$h$ - Plank constant

$\nu$ - frequency of photon

$\lambda$ - wave lenght of photon

$c$ - speed of light

$A$ - work function of the material

$m_e$ - mass of electron

$V_m$ - the maximum velocity of electrons ejected from a material

$\dfrac{c}{\nu}=\lambda \Rightarrow \nu=\dfrac{c}{\lambda}$

Energy of photon $h\nu=\dfrac{hc}{\lambda}$ (according to hypothesis of Plank)

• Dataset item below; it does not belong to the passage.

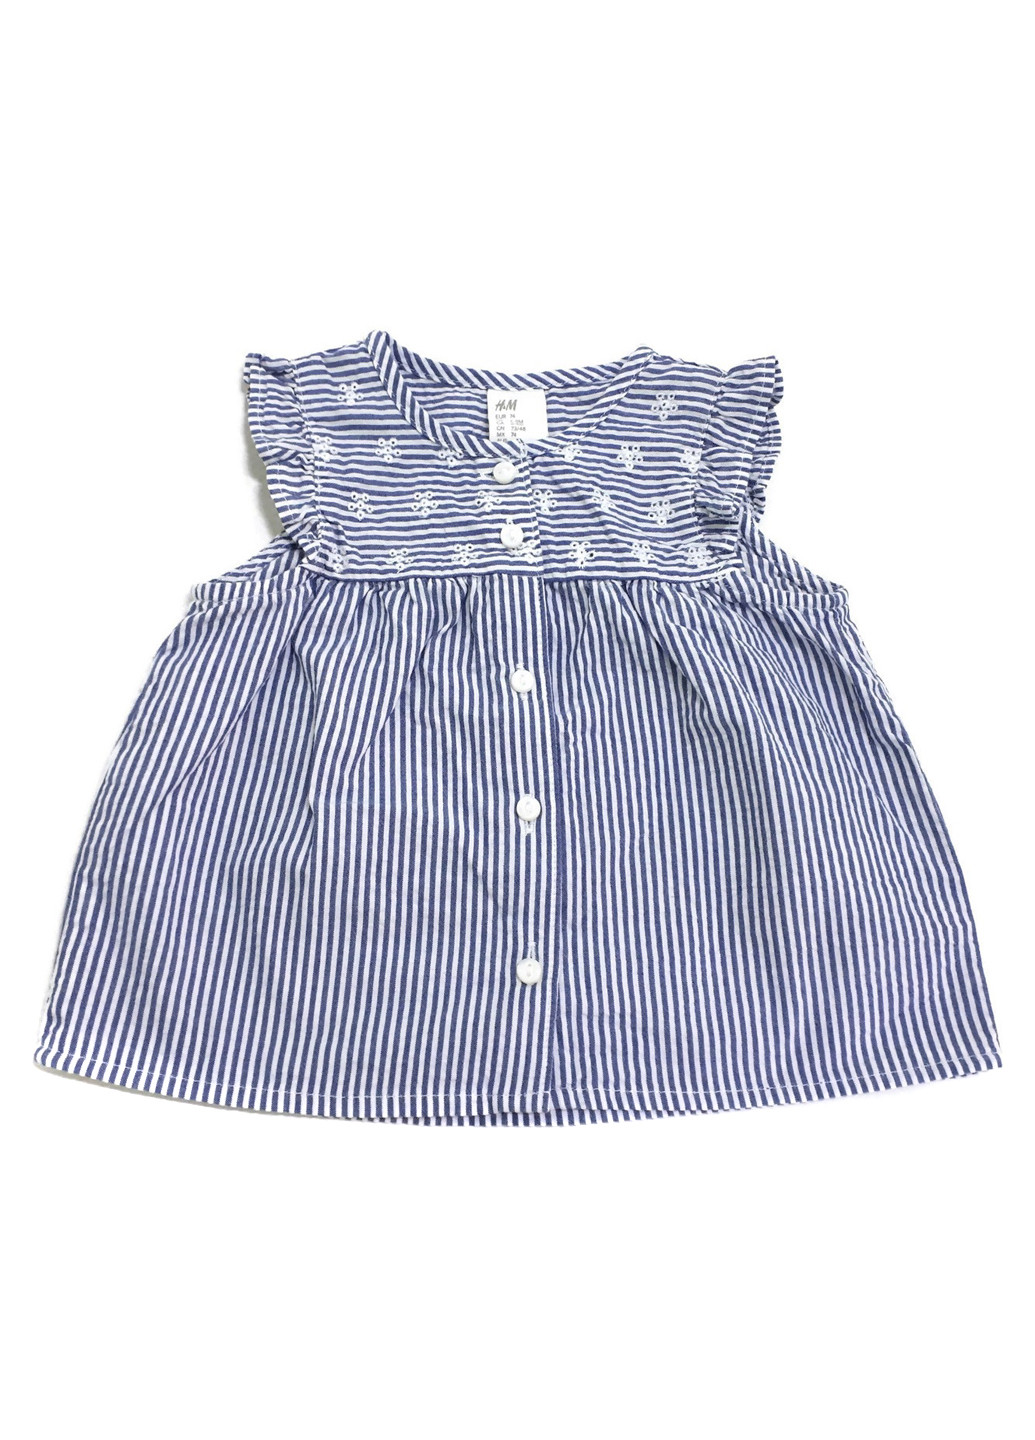 Синяя в полоску блузка H&M летняя

According to energy Einstein formula

$h\nu=\dfrac{m_eV_m^2}{2}+A \Rightarrow \dfrac{hc}{\lambda} = \dfrac{m_eV_m^2}{2}+A$

$\dfrac{hc}{\lambda} -A= \dfrac{m_eV_m^2}{2}$

$\dfrac{2hc}{\lambda} -2A= m_eV_m^2$

$\dfrac{2hc}{\lambda} -\dfrac{2A\lambda}{\lambda}= m_eV_m^2$

$\dfrac{2hc-2A\lambda}{\lambda} = m_eV_m^2$

$\dfrac{2(hc-A\lambda)}{\lambda} = m_eV_m^2$

$\dfrac{2(hc-A\lambda)}{\lambda m_e} = V_m^2$

$V_m=\sqrt{\dfrac{2(hc-A\lambda)}{\lambda m_e}}\approx2.25*10^6 \dfrac{m}{s}$

Answer: $2.25*10^6 \dfrac{m}{s}$